丙型肝炎病毒(HCV)具有嗜肝性和嗜淋巴细胞性,并且有人提出HCV感染与混合性冷球蛋白血症(MC)之间存在明确关联,MC是一种良性淋巴增殖性疾病,有时会发展为明显的恶性B细胞非霍奇金淋巴瘤(B-NHL)。此外,在超过37%的非MC相关B-NHL患者血清中已报告存在抗HCV抗体以及HCV特异性基因组。因此,我们决定进行血清学和分子研究,以深入了解HCV感染与肿瘤性淋巴增殖之间的可能关系。我们使用酶联免疫吸附测定(ELISA)和重组免疫印迹分析(RIBA)试验表明,69例未经选择的B-NHL患者中有29例(42%)血清中存在抗HCV抗体,而健康人群中的血清阳性率约为1%。在包括多发性骨髓瘤、华氏巨球蛋白血症和意义未明的单克隆丙种球蛋白病在内的特定B淋巴细胞疾病亚组中,抗HCV抗体的患病率较低。然后,我们使用逆转录聚合酶链反应,在34例B-NHL病例中的13例病理淋巴结活检组织中直接检测到HCV序列,特别是在8例MALT型低级别淋巴瘤中的6例以及8例中心母细胞-中心细胞性滤泡性淋巴瘤中的5例中检测到。
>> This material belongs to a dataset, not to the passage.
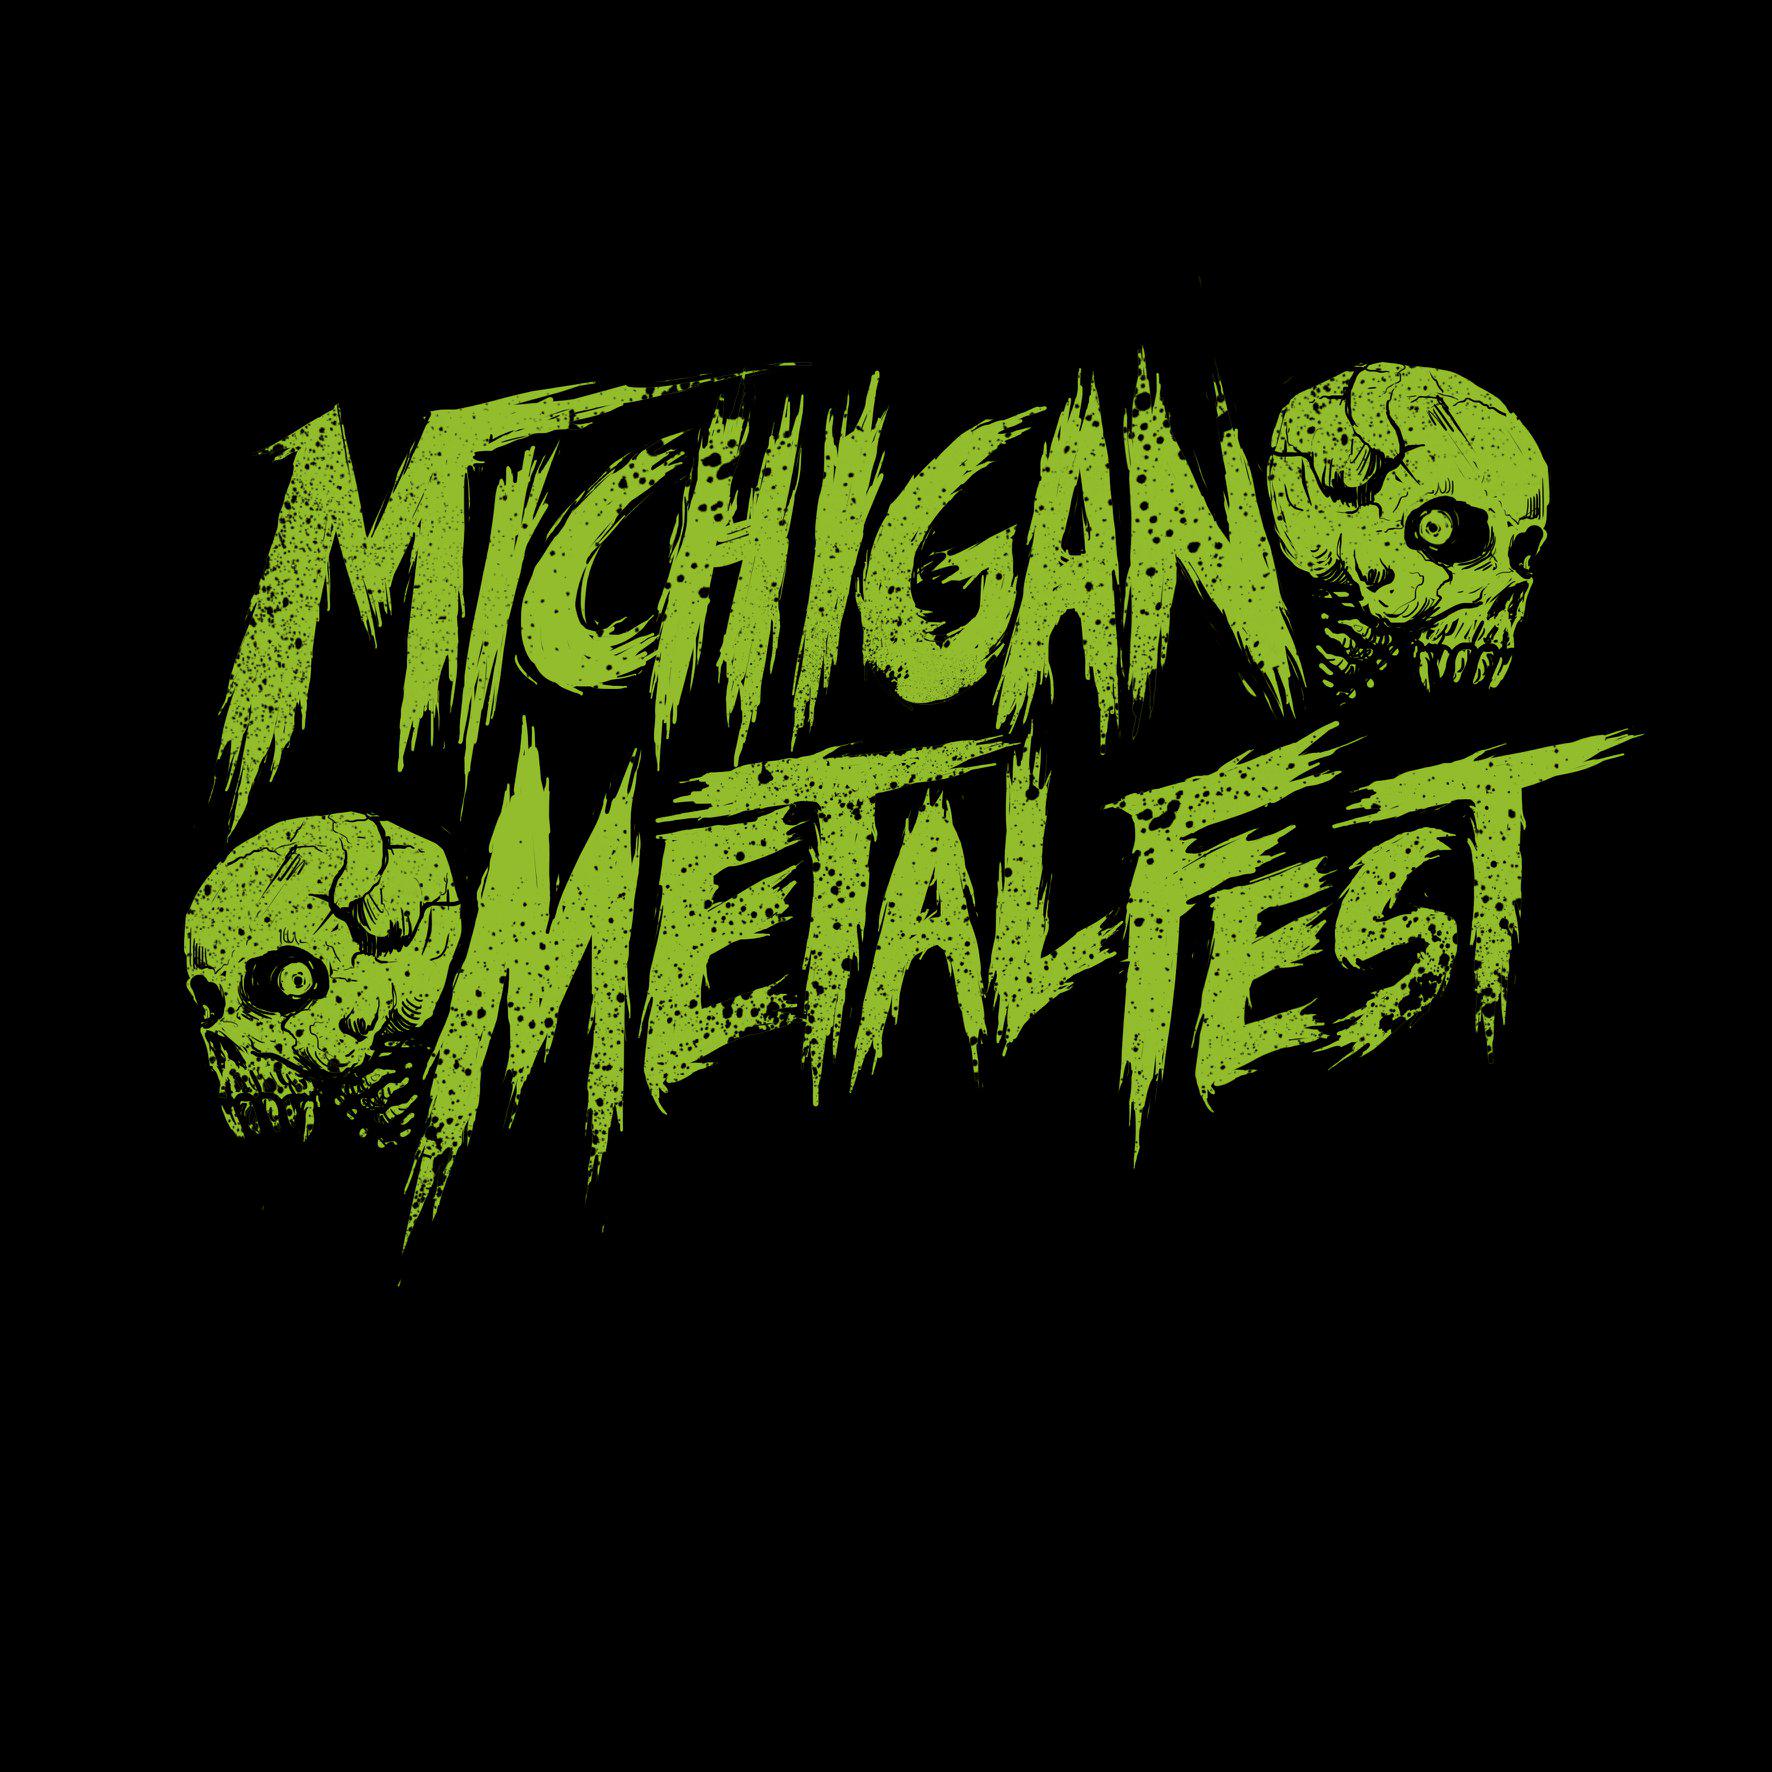 Michigan Metal Fest

相比之下,10例B细胞慢性淋巴细胞白血病患者的外周血样本检测HCV基因组呈阴性。同样,10例T细胞非霍奇金淋巴瘤中未检测到病毒序列,而在14例接受检测的霍奇金病病例中只有1例呈阳性。最后,我们使用基于聚合酶链反应的分析方法来鉴定阳性淋巴瘤组织中存在的基因型(I-IV)。在高比例的某些类型的非冷球蛋白血症相关B-NHL中存在HCV感染的血清学和分子标志物,而在其他淋巴增殖性疾病中不存在,这扩展了HCV相关淋巴增殖的范围,表明这种病毒感染在特定B淋巴细胞群体恶性增殖的发病机制中起到了一定作用。